Post request fails after initial cloudflare bypass.

luizkc commented 5 years ago

Hi!

I'm using Cloudscraper version 4.14 on Node version 12.10.0.

I'm attempting to access this website, which has a cloudflare protection page with a captcha.

I can bypass the cloudflare and access the site's homepage/any page, however, after bypassing, I am unable to successfully send a post request. The weirdest part about this is that my code works using the Python version of the module recreating the exact same requests.

When sending the post request, the console sometimes prints:

request received invalid json when debug is on.

In my second request I need a csrf token that gets returned with the first request's (the bypass request) response. Essentially I am trying to create an account on this website by first retrieving the csrf after the initial bypass (which I can do successfully) and then sending a post request with the account information.

Like I said, I can do this successfully in Python which leads me to believe the issue is related to the module's way of handling post requests, but of course I'm probably wrong. This is my code when sending both requests.

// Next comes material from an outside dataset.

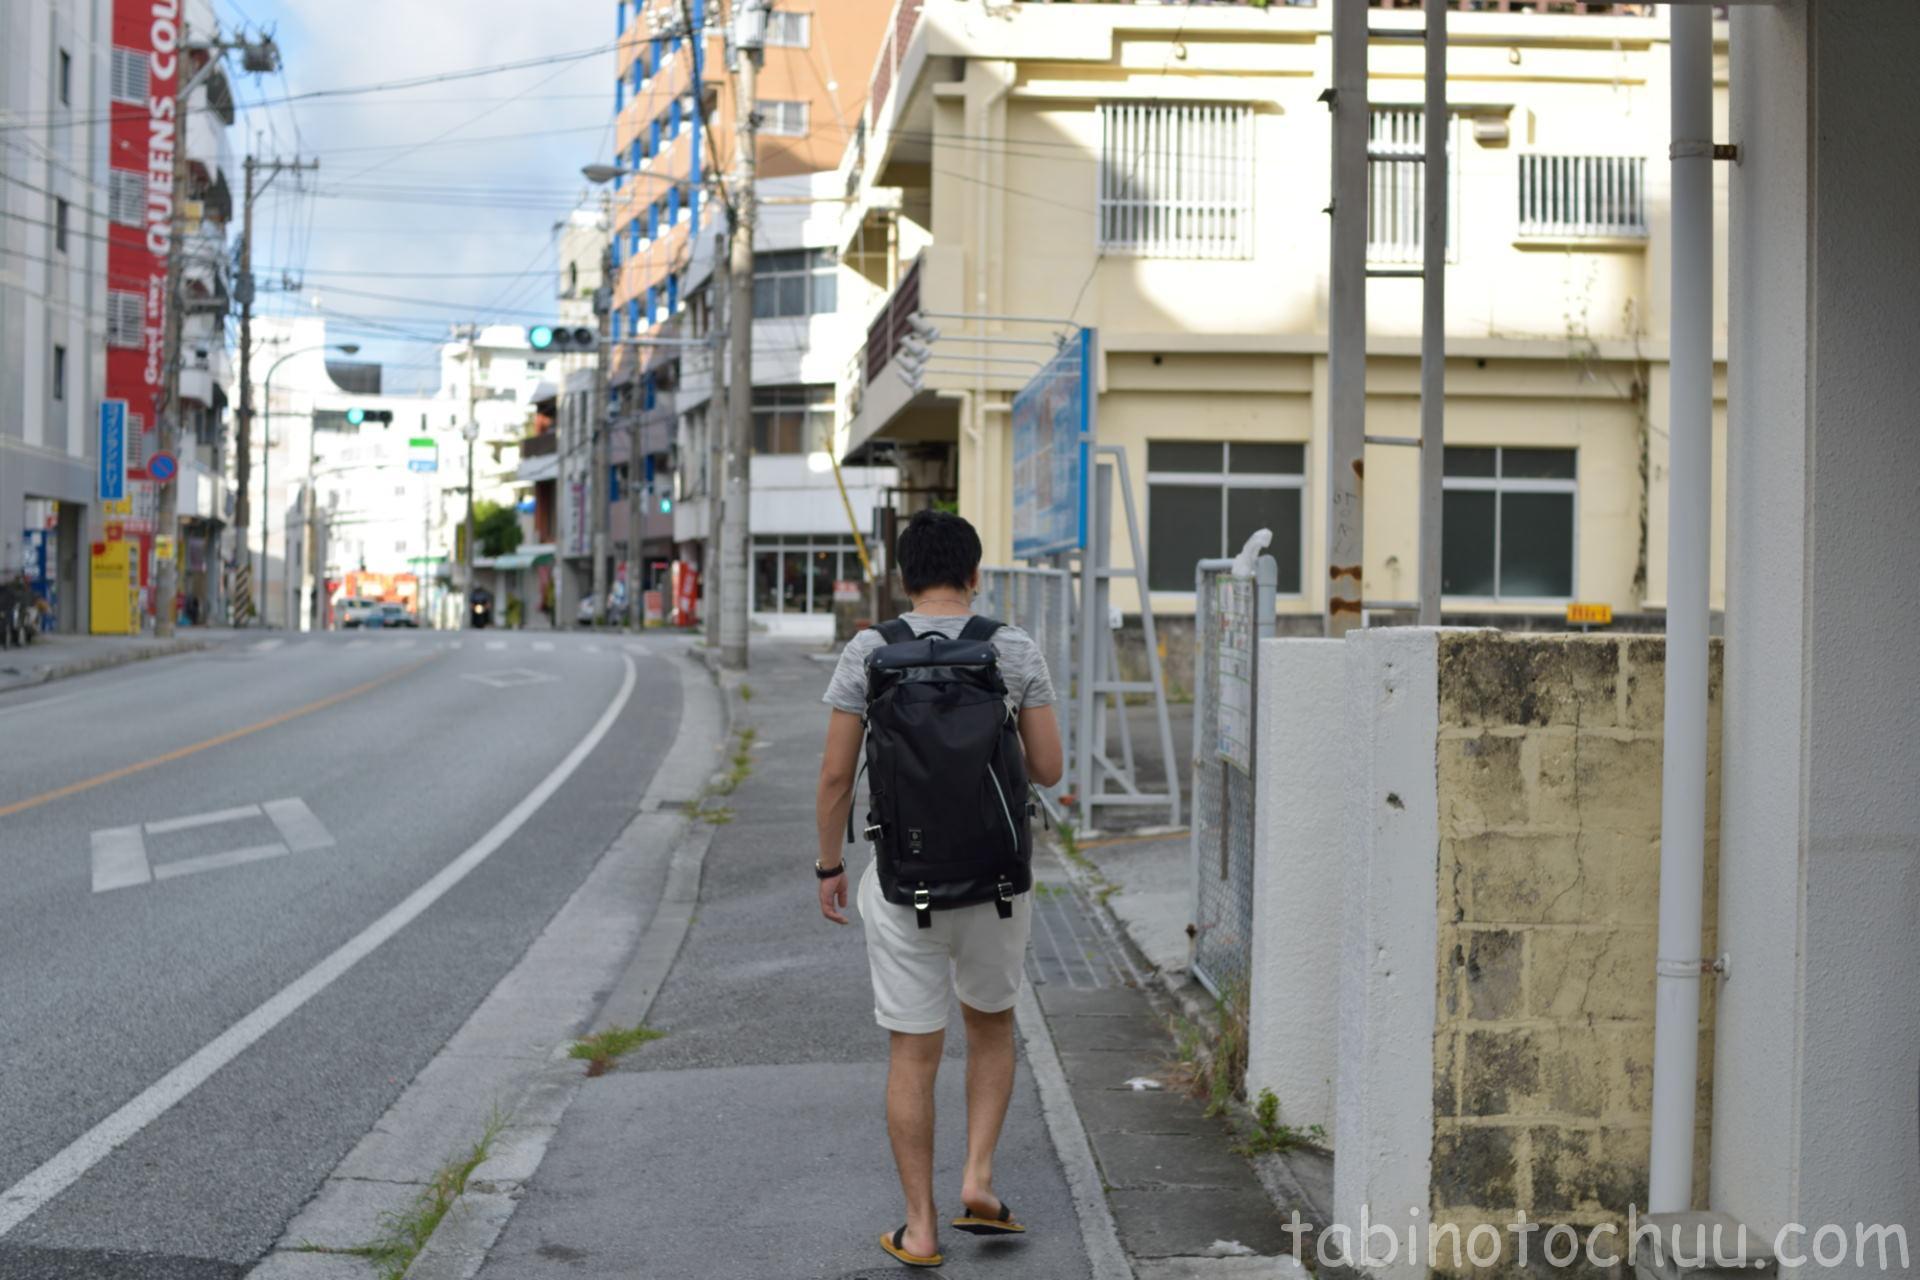 Mr.Kinjo in Uenokuraより徒歩でレンタカー店へ

const captchaAPI = require("imagetyperz-api")
const cloudscraper = require("cloudscraper").defaults({ onCaptcha })

cloudscraper.debug = true

let captchaRes
// CALLED IF SCRAPER RUNS INTO CAPTCHA
async function onCaptcha(options, response, body) {
  const captchaData = response.captcha
  captchaRes = await solveCaptcha(
    response.request.uri.href,
    captchaData.siteKey
  )
  captchaData.form["g-recaptcha-response"] = captchaRes
  captchaData.submit()
}

// CALLED WHEN SOLVING A CAPTCHA IS NECESSARY
async function solveCaptcha(uri, sitekey) {
  captchaAPI.set_access_key("KEY")
  const params = {
    page_url: uri,
    sitekey: sitekey
  }
  console.log("Solving captcha...")
  const id = await captchaAPI.submit_recaptcha(params)
  const token = await captchaAPI.retrieve_recaptcha(id)
  return token
}

// GENERATE AN ACCOUNT
async function genAccount(req) {
  const Csrf = req.body.match(/setRequestHeader\('X-AntiCsrfToken', '(.+)'/)[1]
  console.log(`CSRF: ${Csrf}`)
  cloudscraper.defaultParams.headers = {}
  console.log(`CAPTCHA: ${captchaRes}`)
  const headers = {
    authority: "www.nakedcph.com",
    path: "/auth/submit",
    scheme: "https",
    accept: "application/json, text/javascript, */*; q=0.01",
    "accept-encoding": "gzip, deflate, br",
    "accept-language": "en-US,en;q=0.9,pt;q=0.8",
    "Content-Type": "application/x-www-form-urlencoded; charset=UTF-8",
    origin: "https://www.nakedcph.com",
    referer: "https://www.nakedcph.com/auth/view?op=register",
    "sec-fetch-mode": "cors",
    "sec-fetch-site": "same-origin",
    "user-agent":
      "Mozilla/5.0 (Macintosh; Intel Mac OS X 10_14_5) AppleWebKit/537.36 (KHTML, like Gecko) Chrome/76.0.3809.87 Safari/537.36",
    "X-AntiCsrfToken": Csrf,
    "X-Requested-With": "XMLHttpRequest"
  }
  const gen = await cloudscraper({
    url: "https://nakedcph.com/auth/submit",
    method: "POST",
    resolveWithFullResponse: true,
    // followOriginalHttpMethod: true,
    json: true,
    simple: false,
    headers: headers,
    formData: {
      _AntiCsrfToken: Csrf,
      firstName: "CLOUDSCRAPER TEST",
      email: "cloudscraper+123456@gmail.com",
      password: "MyPassword123",
      "g-recaptcha-response": String(captchaRes),
      action: "register"
    }
  })
  console.log("RESULT:")
  console.log(gen.statusCode)
  console.log(gen.body)
}

const headers = {
    "User-Agent":
      "Mozilla/5.0 (Macintosh; Intel Mac OS X 10_11_6) AppleWebKit/537.36 (KHTML, like Gecko) Chrome/58.0.3029.81 Safari/537.36",
    Accept: "application/json, text/javascript, */*; q=0.01",
    "Accept-Language": "en-US,en;q=0.5",
    "Accept-Encoding": "gzip, deflate, br",
    "X-Requested-With": "XMLHttpRequest"
  }
// FIRST REQUEST GETS SENT HERE
  const req = await cloudscraper({
    url: "https://www.nakedcph.com",
    method: "GET",
    resolveWithFullResponse: true,
    // json: true,
    simple: false,
    headers: headers
  })
  if (req.statusCode === 200) {
// IF FIRST REQUEST IS GOOD AND CLOUDFLARE IS BYPASSED, WE TRY SENDING THE POST
    await genAccount(req)
  }
  console.log(req.statusCode)

I get a 200 on the first request, and a 403 on the 2nd. This is what the server returns on the 403:

{ Response: null, StatusCode: 500, Status: '' }

Hopefully I'm being really stupid and there is a super simple solution to this. And like I said, my Python version is 100% functional doing the exact same request with the same headers and everything.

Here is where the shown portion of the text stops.